- [Problem details]:
Start at the line in the entries below that contains "Union Hall, West", stop at the line that contains "Too Cute to", and output exactly the lines in that span, both ends included.

- [Supplied entries]:
__________________________________________________

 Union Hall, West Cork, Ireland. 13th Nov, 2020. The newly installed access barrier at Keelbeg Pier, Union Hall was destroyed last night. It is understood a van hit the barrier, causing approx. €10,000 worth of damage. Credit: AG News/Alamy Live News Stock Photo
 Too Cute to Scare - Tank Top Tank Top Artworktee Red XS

__________________________________________________

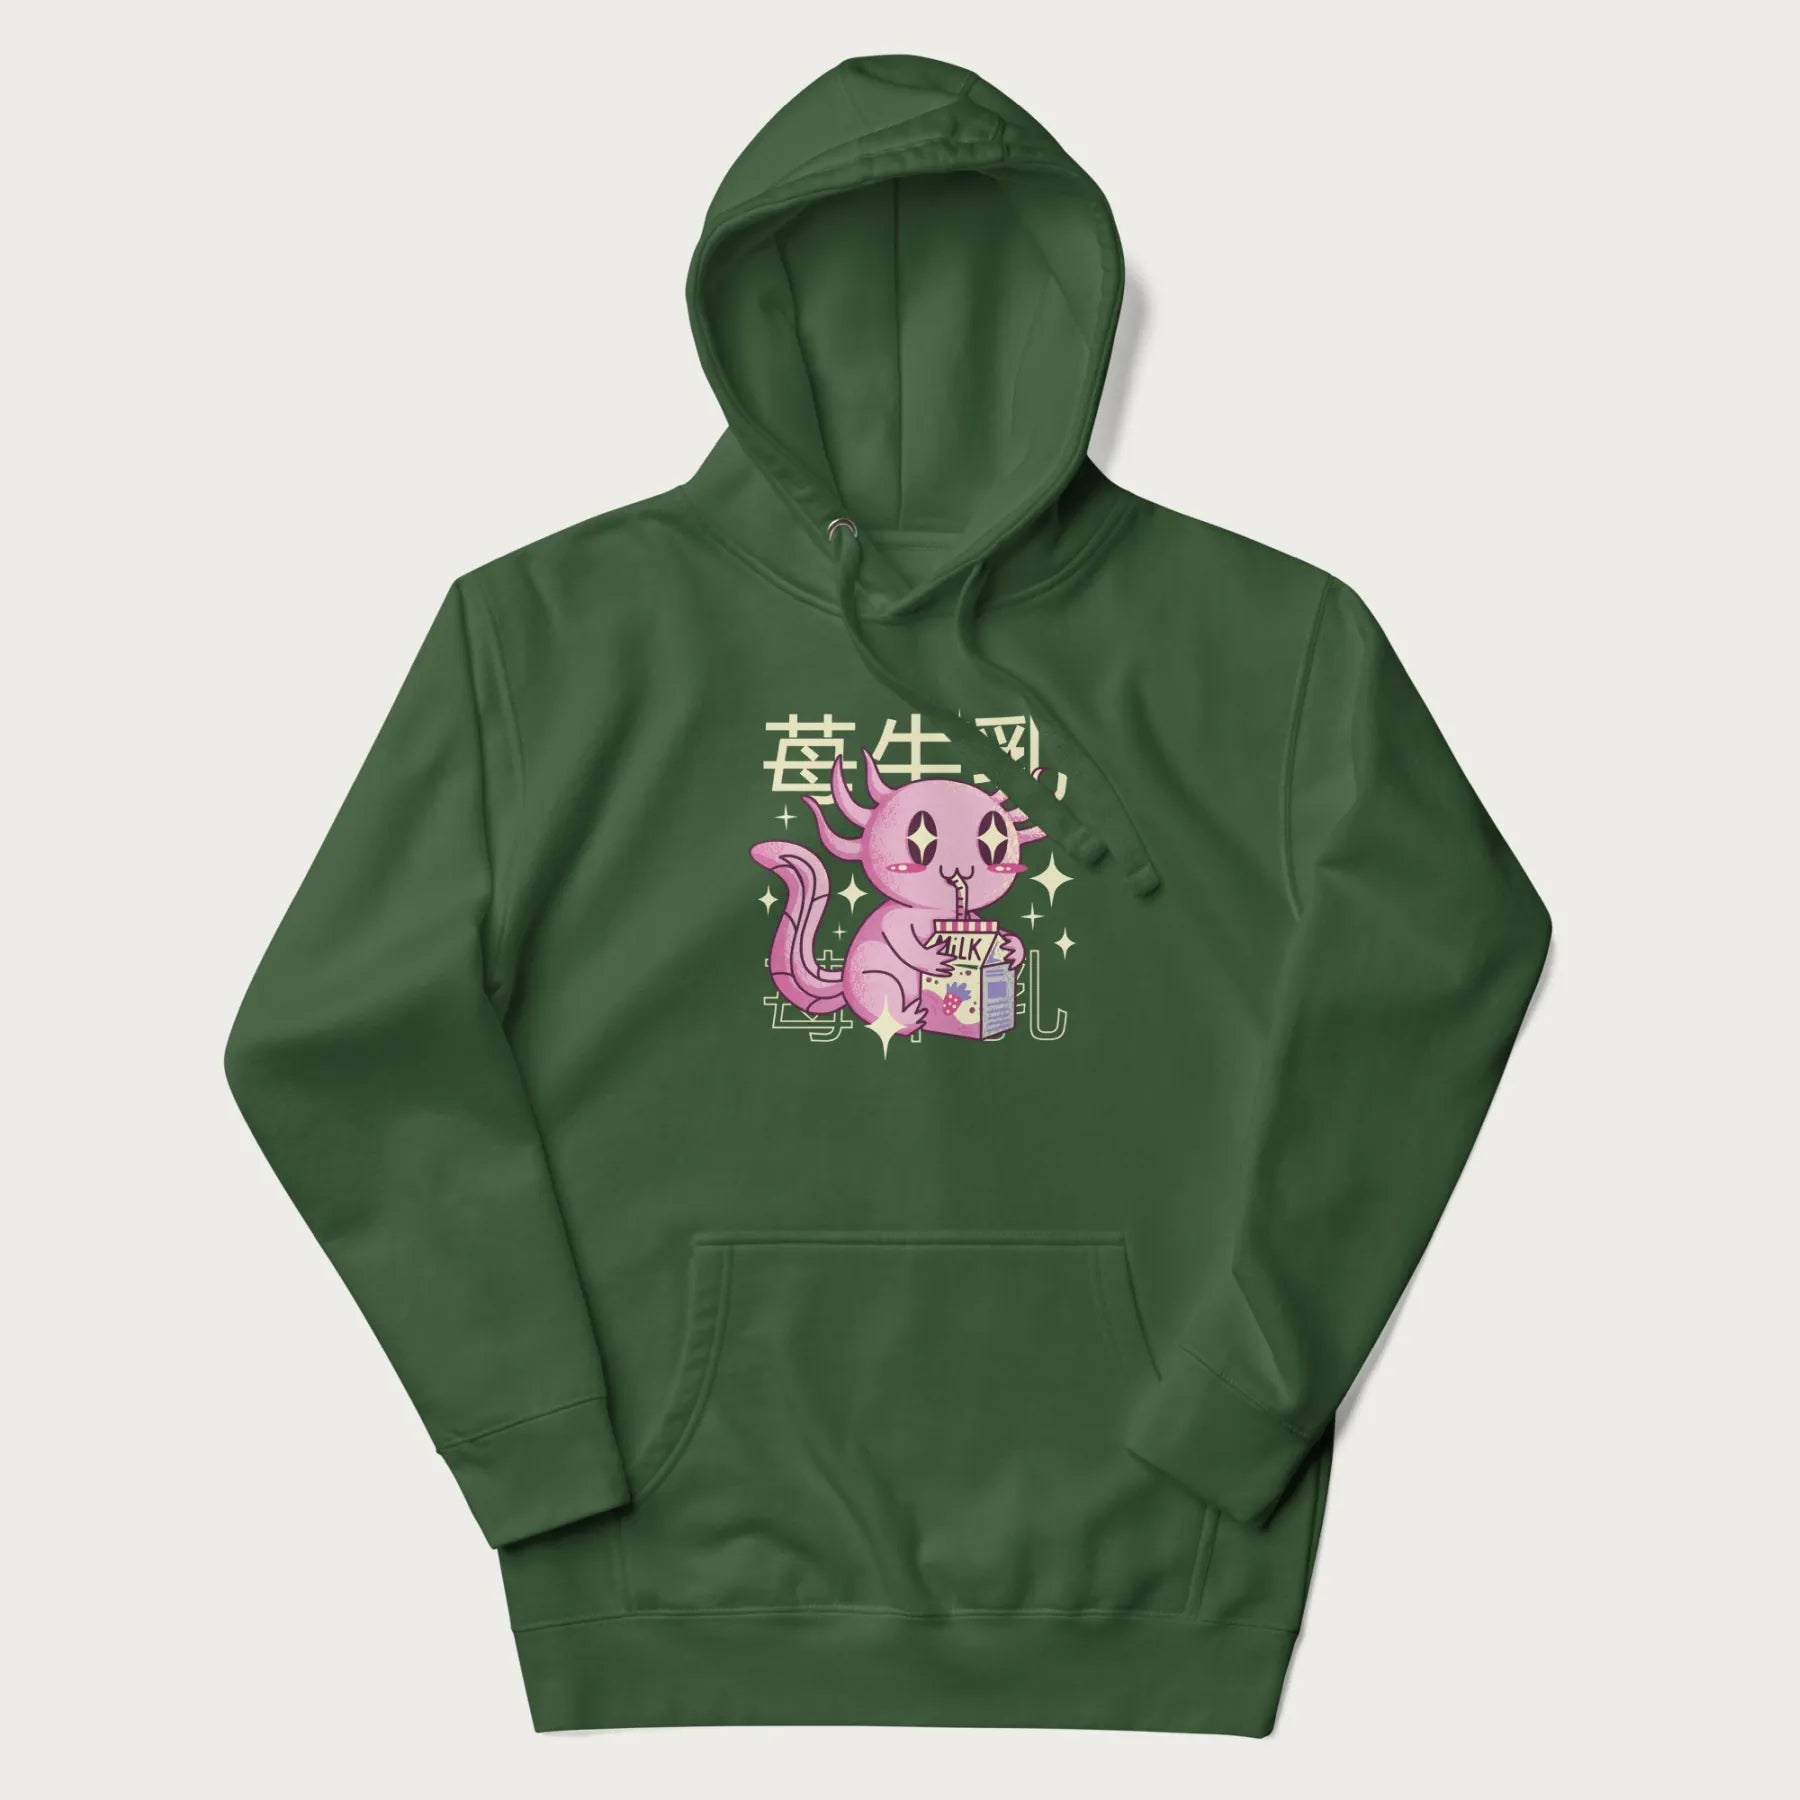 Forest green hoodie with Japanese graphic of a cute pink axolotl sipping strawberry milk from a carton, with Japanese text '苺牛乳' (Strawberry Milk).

__________________________________________________

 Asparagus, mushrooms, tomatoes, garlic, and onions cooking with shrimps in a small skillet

__________________________________________________

- [Exercise response]:
 Union Hall, West Cork, Ireland. 13th Nov, 2020. The newly installed access barrier at Keelbeg Pier, Union Hall was destroyed last night. It is understood a van hit the barrier, causing approx. €10,000 worth of damage. Credit: AG News/Alamy Live News Stock Photo
 Too Cute to Scare - Tank Top Tank Top Artworktee Red XS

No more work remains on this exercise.